A great deal of dialogue in John le Carré and Arthur Hopcraft’s script for the 1979 television series, is lifted directly from the book, but there are additions. After Ricki Tarr has spent all night at Lacon’s country house laying out the evidence for a mole, Lacon looks to George: “Fit George?…Natter?..Garden?”. Smiley mutters “Super” under his breath before joining Lacon in the greenhouse and the neighbouring golf course to hear Lacon apologize for not believing there was a mole when Smiley was still at the Circus. He then presses Smiley to take the job and “clean the stables”.
Another addition is the final scene of the series when Smiley visits Ann at her country pile to tell her of Bill Haydon’s fate. In a peerless exchange between the two, Ann says she is actually glad Haydon is dead and that he had “loved being a traitor”. Smiley asks her if she loved Haydon. She replies: “No, George. Poor George. Life’s such a puzzle to you, isn’t it?”
Including Ann for this final scene also takes full advantage of that screen-and-stage trick: talk about someone continuously without them appearing until late in the story. When they do, audience expectation greatly compounds the impact of their presence and charisma.
Ann appears only once in the novel. Smiley is hoping she will pick him up at the train station. She is late. He waits in a taxi queue and watches from a distance as she drives down a bus lane, parks and goes into the station to find him. And that’s it, but the continuous “How’s Ann?”“How’s the lovely Ann?” has chased Smiley around in the novel from beginning to end.
Ian Bannen as Jim Prideaux |
The other major alteration in the television series is the opening twenty-minute sequence (brought forward from much later in the novel) to show Jim Prideaux’s enlistment by Control to bring Stevcek, a defecting Czech general of artillery to England. Control, duped by Karla, Moscow Centre and Bill Haydon, believes Stevcek knows the identity of the Circus mole.

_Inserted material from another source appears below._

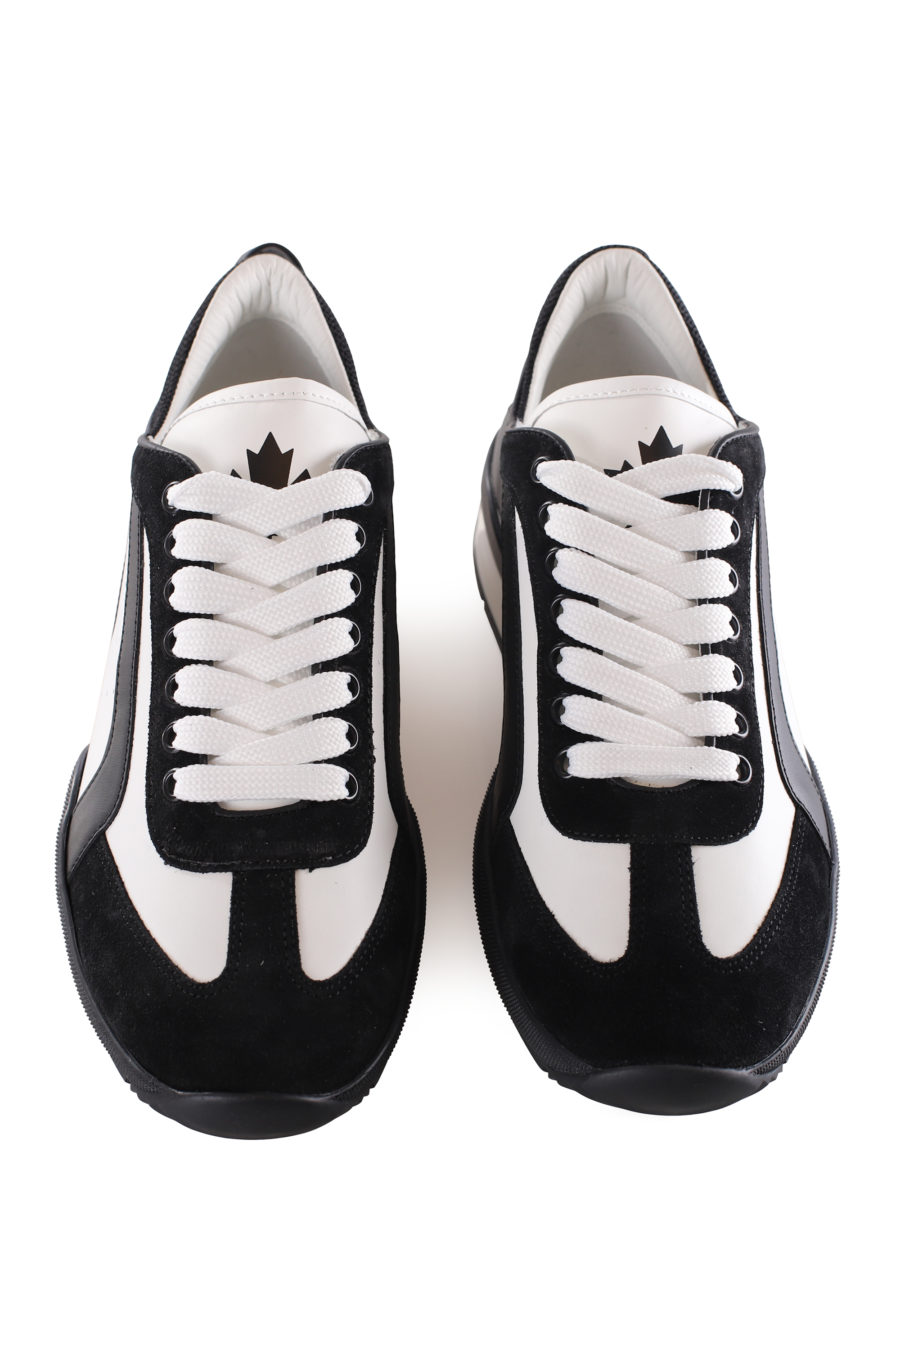 Zapatillas blancas con detalles negros y logo pequeño - IMG 9540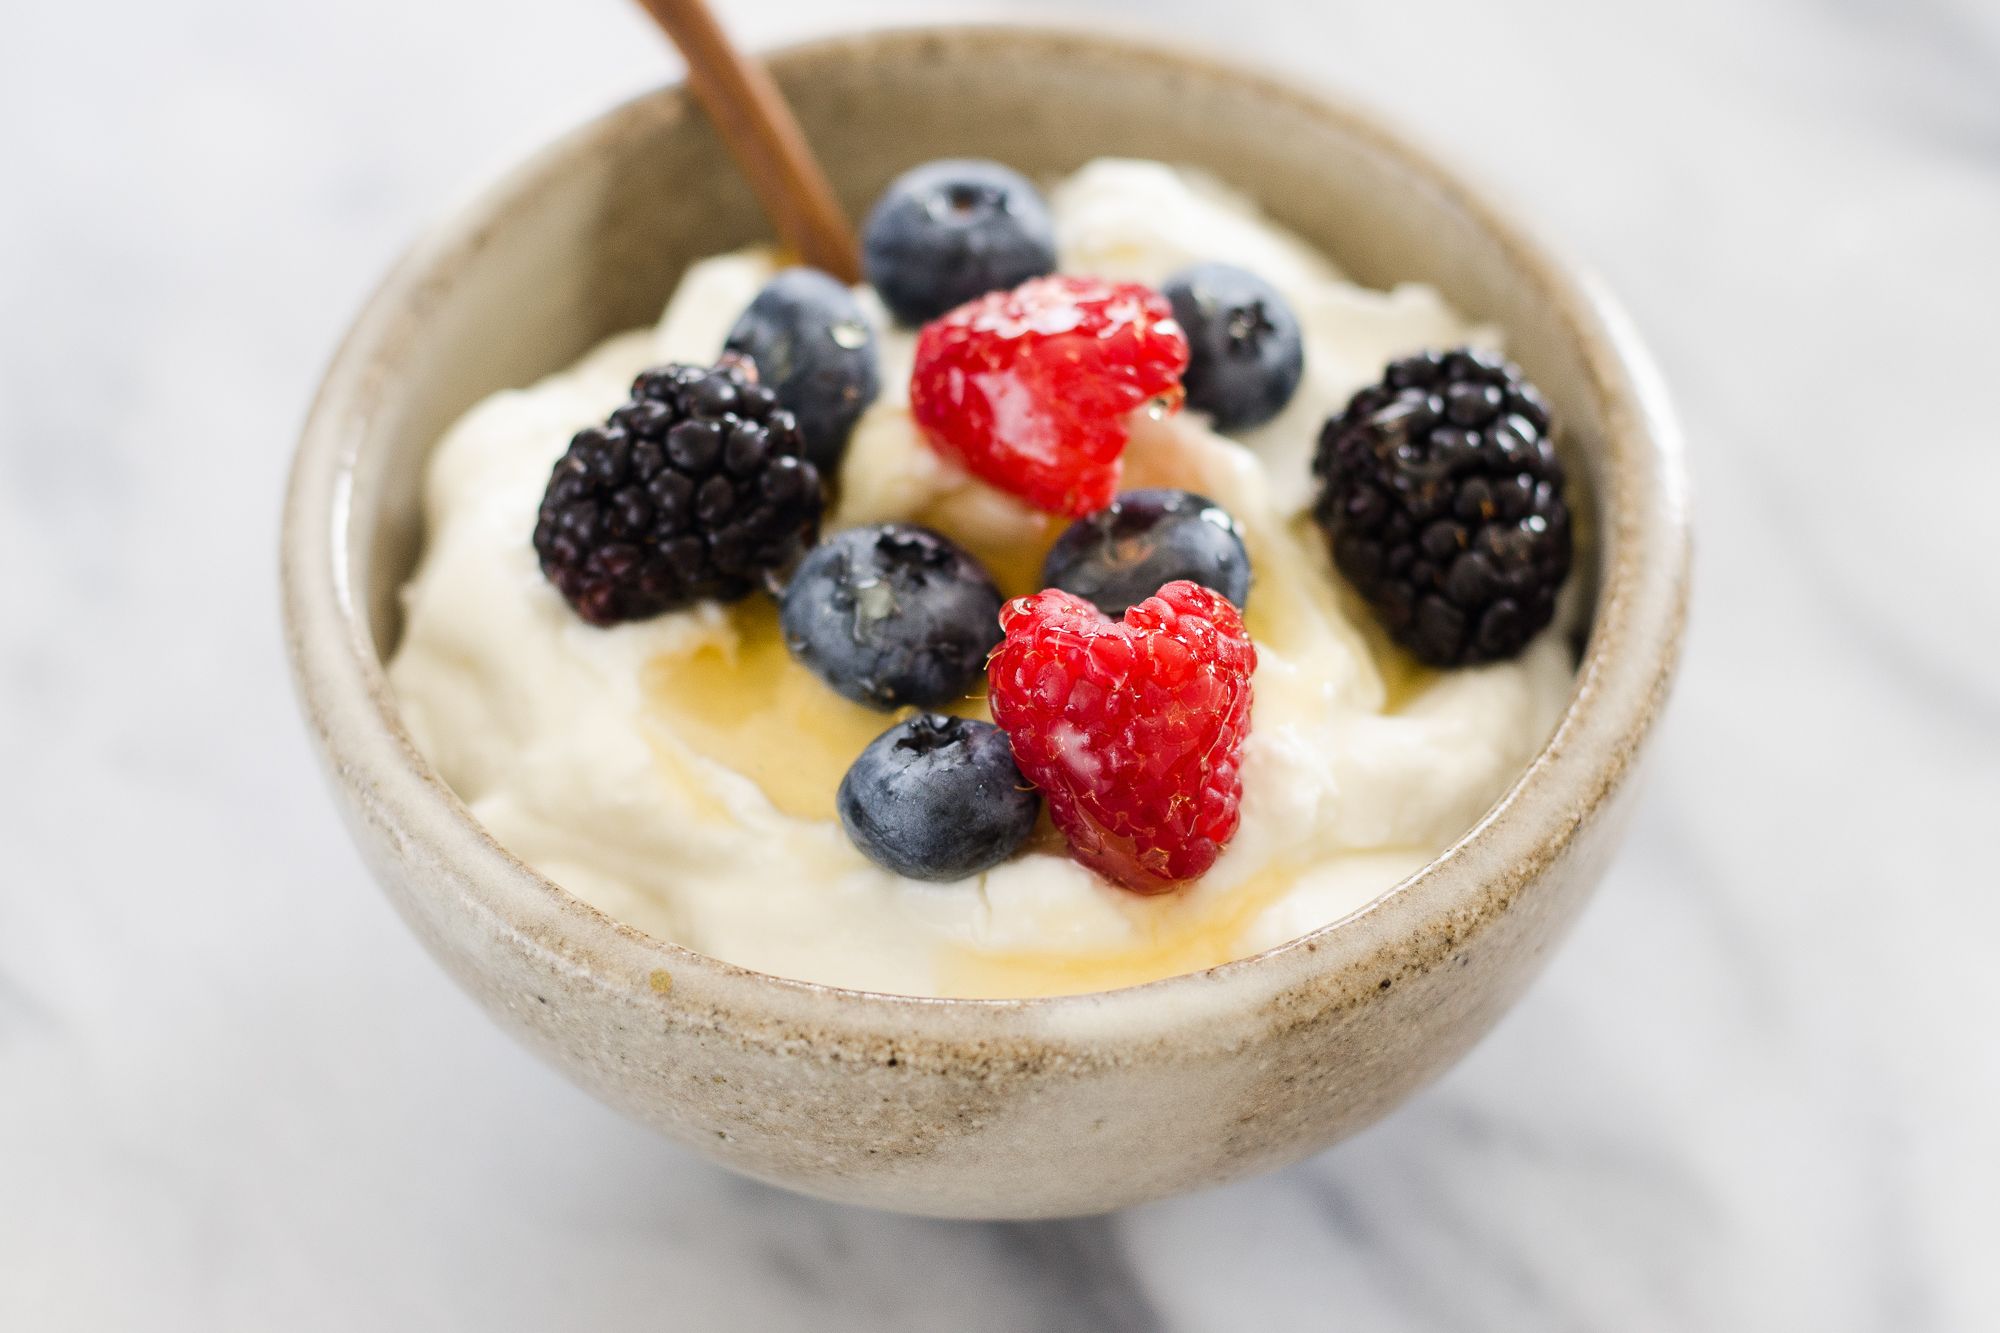 https://hips.hearstapps.com/thepioneerwoman/wp-content/uploads/2017/04/how-to-make-yogurt-and-greek-yogurt-01.jpg

After the struggling attempts by James Mason, Denholm Elliot and Rupert Davies, casting Alec Guinness as Smiley proved to be a master-stoke.
Alec Guinness as Smiley |
Guinness looks nothing like le Carré’s various descriptions of Smiley; he is nearly six feet tall when Smiley is always described as short; he is slim and certainly not overweight when the novels always describe him as fat and podgy; and he is conservatively well-dressed where le Carré sometimes described only cheap suits hanging off a squat frame.
But like Richard Burton before him, he nails his character from his very first scene and doesn’t let up for the 11 hours running time of Tinker Tailor Soldier Spy and Smiley’s People. And like Burton, his strongest moments are silent facial expressions and eye-movements that virtually convey plot developments in themselves.
Director John Irvin has said Guinness needed considerable persuasion to take the role - three lunches with Irvin, one with David Cornwell (le Carré) and one with the Head of MI6. It all paid off and it’s arguably the greatest spy television series to have emerged from the Cold War.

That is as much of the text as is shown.